Before she can pursue this further, she is put in a Time Transfer box and sent Back Way Back, or in more usual terms, to about 150,000 BCE. She is left on Santa Catalina itself, still forested rather than the barren island of later millennia. Her job is to raise food for a Company resort on Santa Cruz Island, where rich folks come back to hobnob with mastodons and hunt saber-tooths, or maybe vice versa. Her memory has been interfered with, so she can no longer remember details of the history she once knew. She also has a mission to alert the Company when certain unusual beings show up to colonize the center of the island. Apparently they have something the Company needs....
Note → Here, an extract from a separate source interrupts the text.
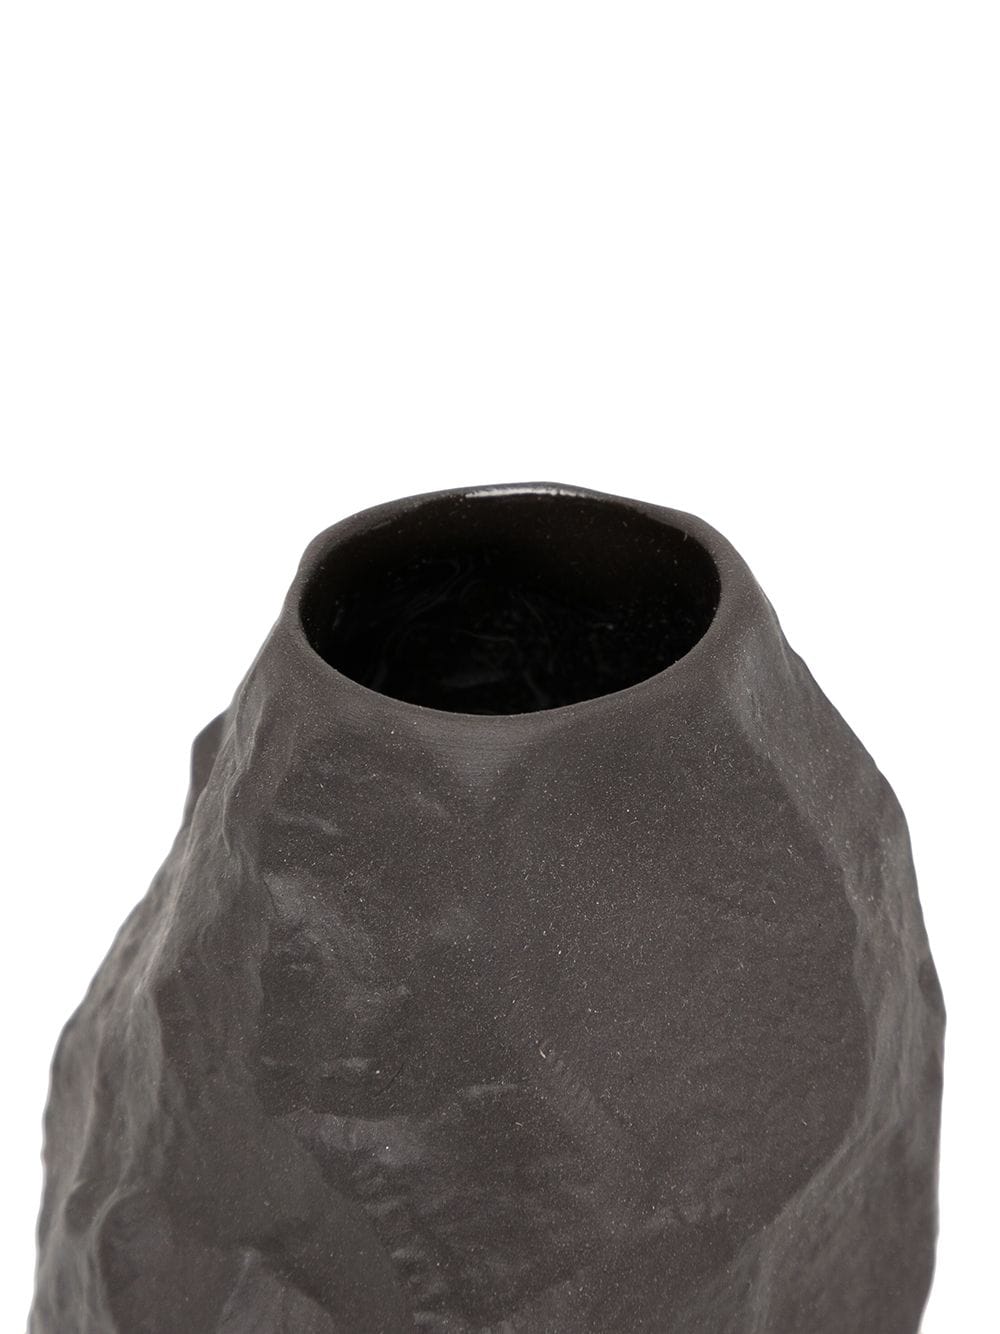 Shop 1882 Ltd Posy Bone China Vase In Black

Mendoza seems hopelessly trapped. Can she survive to the 19th century all over again, or is her immortality as suspect as other things have become? Twice now she has met her demon lover. She knows he will come for her again.

==Characters==
- Anthropologist Imarte is doing her research the old-fashioned way, by playing the part of "lady of easy virtue" and recording the things her customers tell her.
- Einar is obsessed by Hollywood, since he is also a Film Preservation Specialist, a role he expects to play when the region is urbanized. For him, every patch of scrub is the site of some notable future place, event, or scene in a movie. Meanwhile, he collects examples of California Brown Bear, and the local coyote subspecies, both of which are shortly to be extinct.
- Juan Bautista, who happens to have been born one of the last remaining Channel Island Indians, with the silver hair that comes with the ancestry, insists on keeping a pet condor and pelican inside rather than in the outhouses. The others are not happy with the noise and smell. As movie-obsessed as any cyborg, Juan Bautista names the condor Erich von Stroheim, after the future movie director, and the pelican Marie Dressler, after a future academy-award-winning actress born in the second half of the 19th century. Unfortunately "Erich" cannot bear to be parted from Juan Bautista, and makes everyone's life unbearable whenever this happens. Later Juan Bautista confiscates an eagle from a passing stagecoach, and names the bird John Barrymore.
- Anthropologist Oscar plays the role of go-getting salesman to the hilt. He is having trouble unloading some of his more expensive items, such as the brass-bound Yankee pie cupboard. With no Yankees to speak of in the area, pies are not a common menu item. However his real purpose is to gain entry to people's houses so he can record their lives. Still, it would be quite a coup to unload that cupboard.
- Porfirio presides over all this while keeping watch on his "family," or at least his brother's descendants. Both he and his brother were orphaned, but only Porfirio was suitable for conversion to cyborg, so the Company placed the brother with foster parents. Porfirio has been carrying out his mother's last wish to look after his baby brother. For 300 years.

==Allusions and references to history, geography and current science==
Many real places and people feature in this novel. The action takes place in Cahuenga Pass, by modern Hollywood, old Los Angeles, San Pedro, and the island of Santa Catalina. The time is the 1860s, concurrent with the American Civil War. References are made to personalities such as Phineas Banning and his stagecoach company.

When thrown forward in time, Mendoza and Einar, along with their horses, find themselves alongside a busy 20th century highway. This appears to be Laurel Canyon Boulevard. They then proceed up a ridge to houses, first on Vulcan Drive, then along Mt. Olympus Drive to Zeus Drive, where the company has a facility. These are all real locations.

==Reception==
F&SF reviewer Charles de Lint gave the novel a mixed review. "There are all sorts of interesting things going on in it. But the book is slow going since it takes about two thirds of the way through before much of a plot kicks in. . . . That first half to two thirds of Mendoza in Hollywood does make for an engrossing, if desultory reading experience."